Creativity thrives even in remote learning

Creativity thrives even in remote learning
Posted on 11/09/2020
Just like other classrooms throughout the district, the art rooms at Tahoma High School sit empty on most days, except for the teachers. But on one recent afternoon, the roll-up doors stood open, and students trickled past to drop off their ceramics artwork for firing in the kiln. Wearing masks and following distancing protocols, teachers exclaimed over the pieces, and students described parts of their process or what they loved about the finished piece.

“What I love about teaching art, is seeing their faces light up with pride, excitement and self-confidence within themselves, from what they have learned and created in their art classes,” teacher Kara Oxner said. “Students not only walk away with actual products that they have created, but they also discover great things about themselves through their various problem-solving skills, challenges, planning, execution, presentation, persistence and time management skills. They are discovering that they can accomplish great things, and you can see the pride they have with that success!”

Remote learning has certainly presented challenges for art classes, just as for every other subject and grade across the system. Despite that, Tahoma High School’s art teachers and students are finding success. Earlier this fall, the art teachers offered a special supply pick-up for their students, with items that vary by class. Ceramics students, for example, received a 25-pound block of clay, special tools to carve and shape with, and a canvas mat to work on.

“We are coming together as a community to offer authentic experiences, and finding ways to create highly engaging lessons to empower student learning. As a result, we are seeing some great success in the art programs, through the visual evidence,” Oxner said. “Kids have been expressing in their artist statements at the end of each lesson -- how their art classes are the best part of the day and they are creating some really amazing pieces that they are proud of. I recently heard that there is a group of students who have a special ceramics chat group to show and talk about their work with each other. I thought that was the coolest thing ever!”
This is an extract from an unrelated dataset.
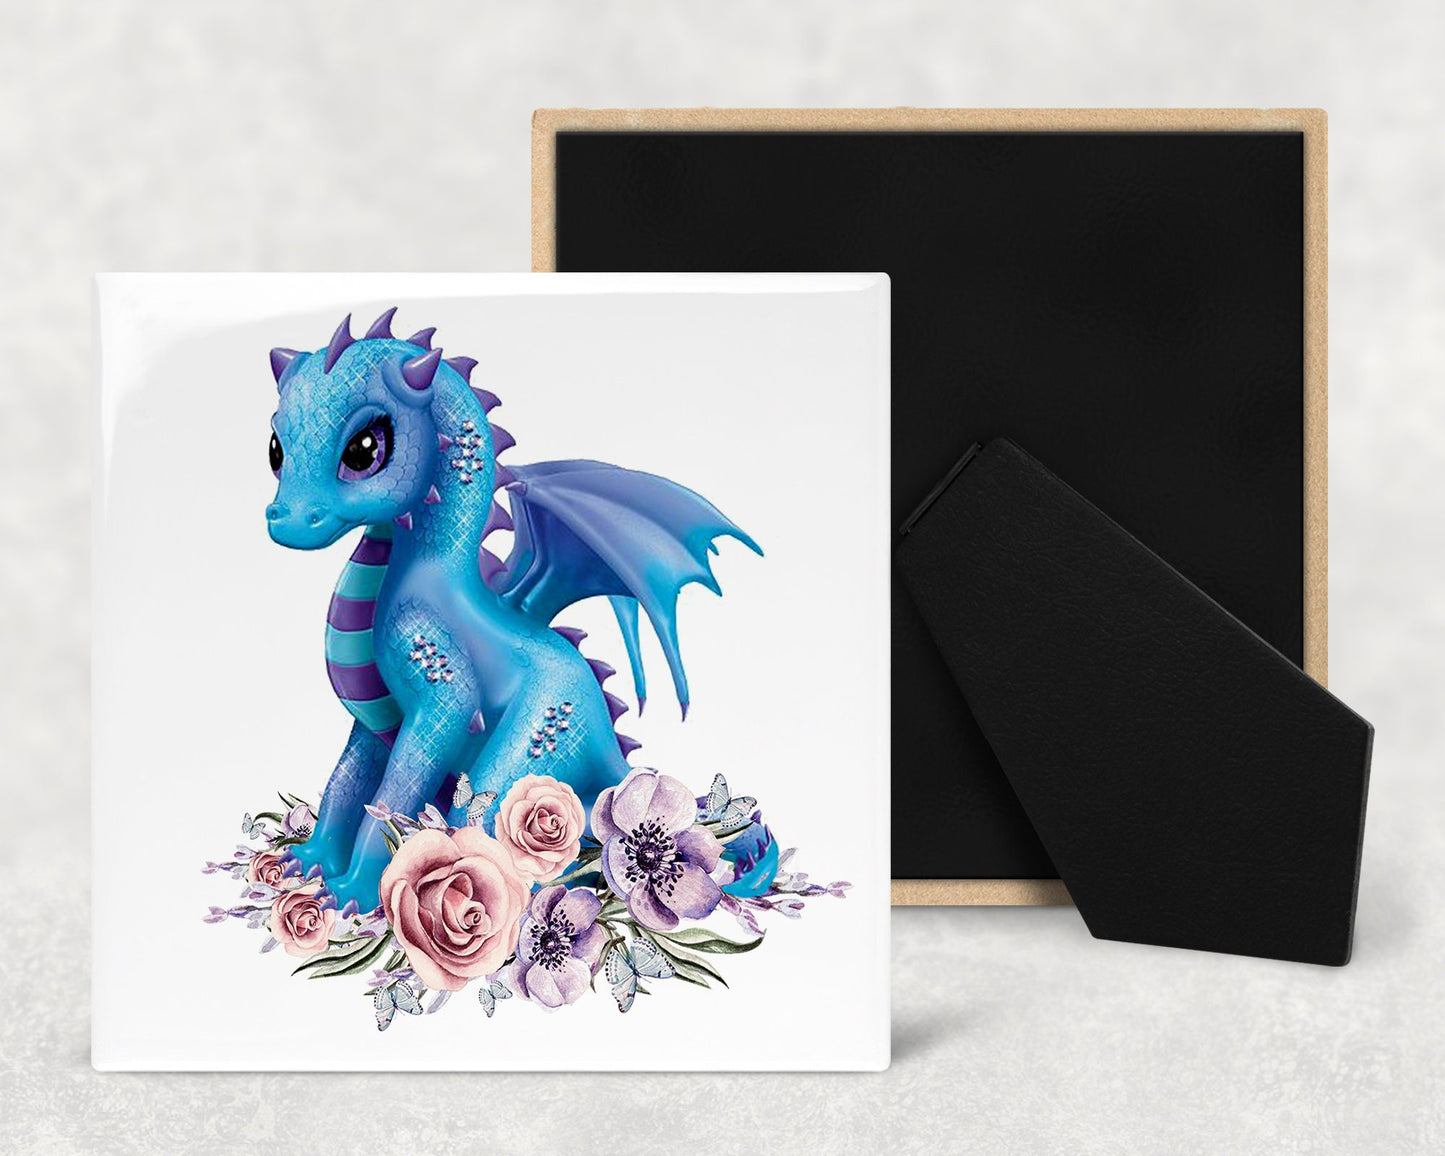 Cute Baby Dragon Art Decorative Ceramic Tile with Optional Easel Back - Available in 3 Sizes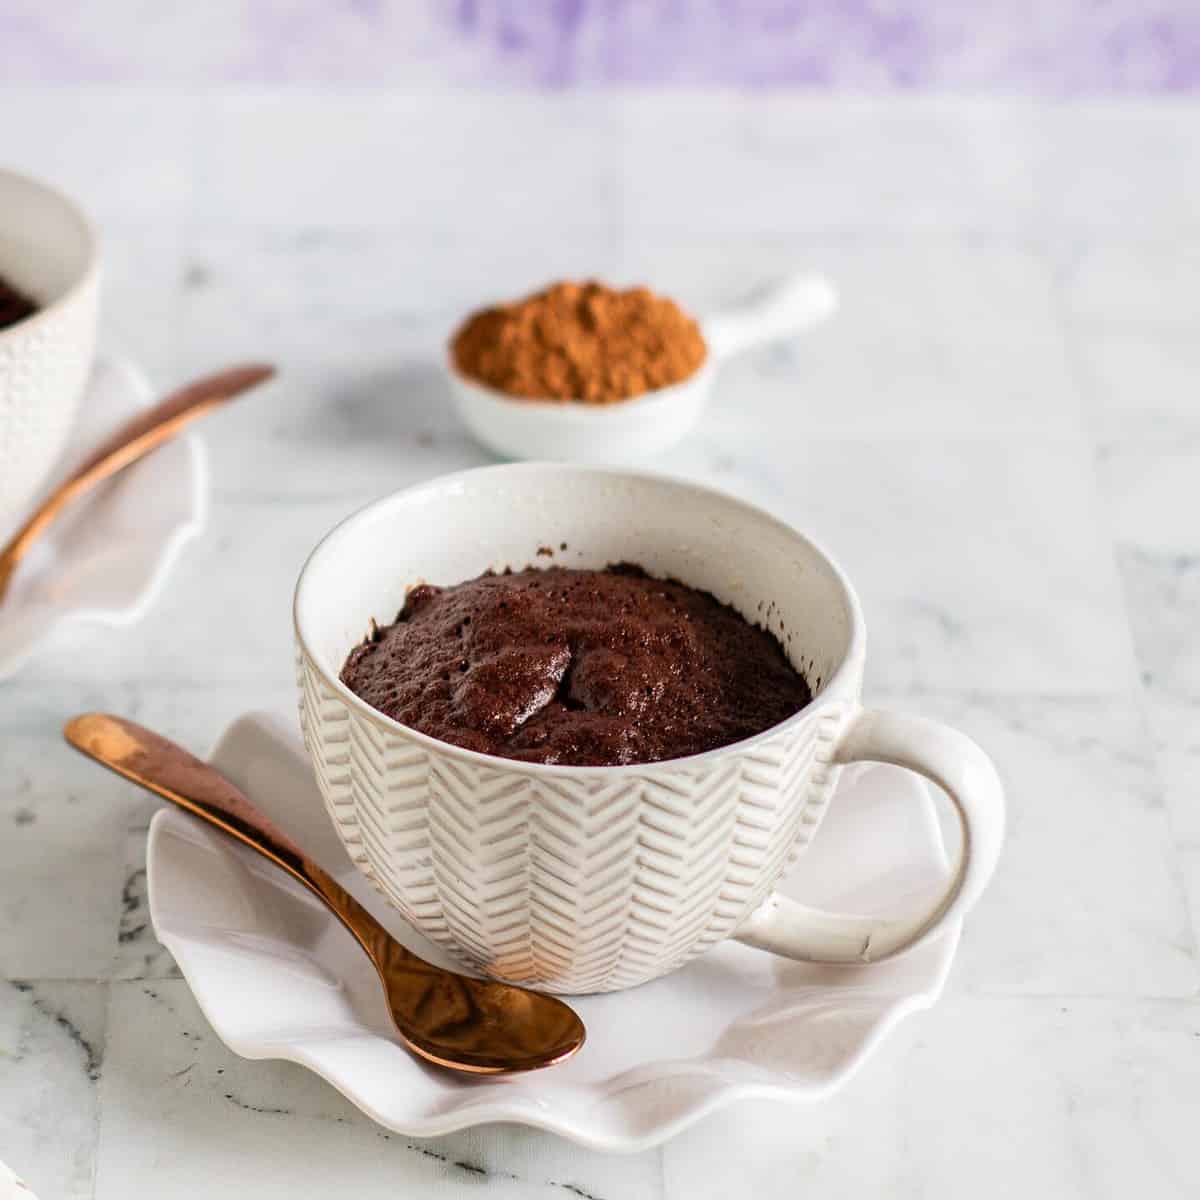  Indulge in a quick and easy chocolatey treat!

Fellow art teacher Jennifer McCoy, who is also the head of the Visual Arts Department, said “My students are rocking this fall. Last spring was just emergency learning. This fall is full blown school, and they are rising to the challenges and doing a great job.”

McCoy said her students are eager and ready to learn. “Students are like sponges. They soak in all you can provide them. Art is a release of stress and anxiety for most students. It helps balance the day.”

As a teacher, she said the biggest challenge has been not seeing her students’ faces. She said she wishes more students would keep their cameras on so that she can teach to them as people rather than boxes filled with names.

Sophomore Taylor Dideon, who is in Oxner’s ceramics class, said that before the year started, the idea of remote learning art was worrisome. “To be honest, I was actually quite nervous to create art with clay because I am a horrible drawer and I was afraid that making a creation out of clay would be much harder. But, actually, it's really easy and really fun to work with. My confidence has definitely improved because my creations are turning out really good and close to what I drew and designed. So art this quarter has been really fun and awesome to prove to myself I can create something out of clay and have it turn out well.”

And, Dideon pointed out, the remote learning aspect -- and different types of access to teacher help -- can in certain circumstances help the student in the long run. “Remote learning really falls on the kids and I don't think it's bad at all because it's teaching the kids how to problem solve. It's teaching the kids how to make things work and how to get creative, and that's what art is all about: Being creative and figuring out how you're going to make your design work. The teacher can help you and show you how they would create a design but, at the same time, you have to figure out how you're going to make something work.”

When wifi issues caused Dideon to miss a few pieces of instruction, she said she was able to attend Power Hour to get help from Oxner. “Ceramics at home may seem like ‘How is that going to work!?’ It actually is quite easy and quite a lot of fun!”

She said that her favorite project so far has been a ceramics piece with an owl made to look as though it’s coming out of the frame, using the techniques of high relief and bas relief.

Art teacher Amy Goldberg said most of her students have risen to the situation. “This is difficult for them. I'm proud of their efforts. This fall, the quality of work/engagement has increased a lot compared to last spring,” Goldberg said. “As students and teachers are getting comfortable with the format and learning how to connect with each other, things seem to be improving. Students are required to really dig in and look at their own learning. It's great to see this happening.”

Like McCoy, Goldberg said the hardest thing is not being physically in the classroom with her students. “I look forward to getting back into the classroom and moving around my space,” she said.

The best part of remote learning is everything that the students are learning, Goldberg added. “What excites me the most is that students are seeing what is possible and what they are capable of accomplishing.”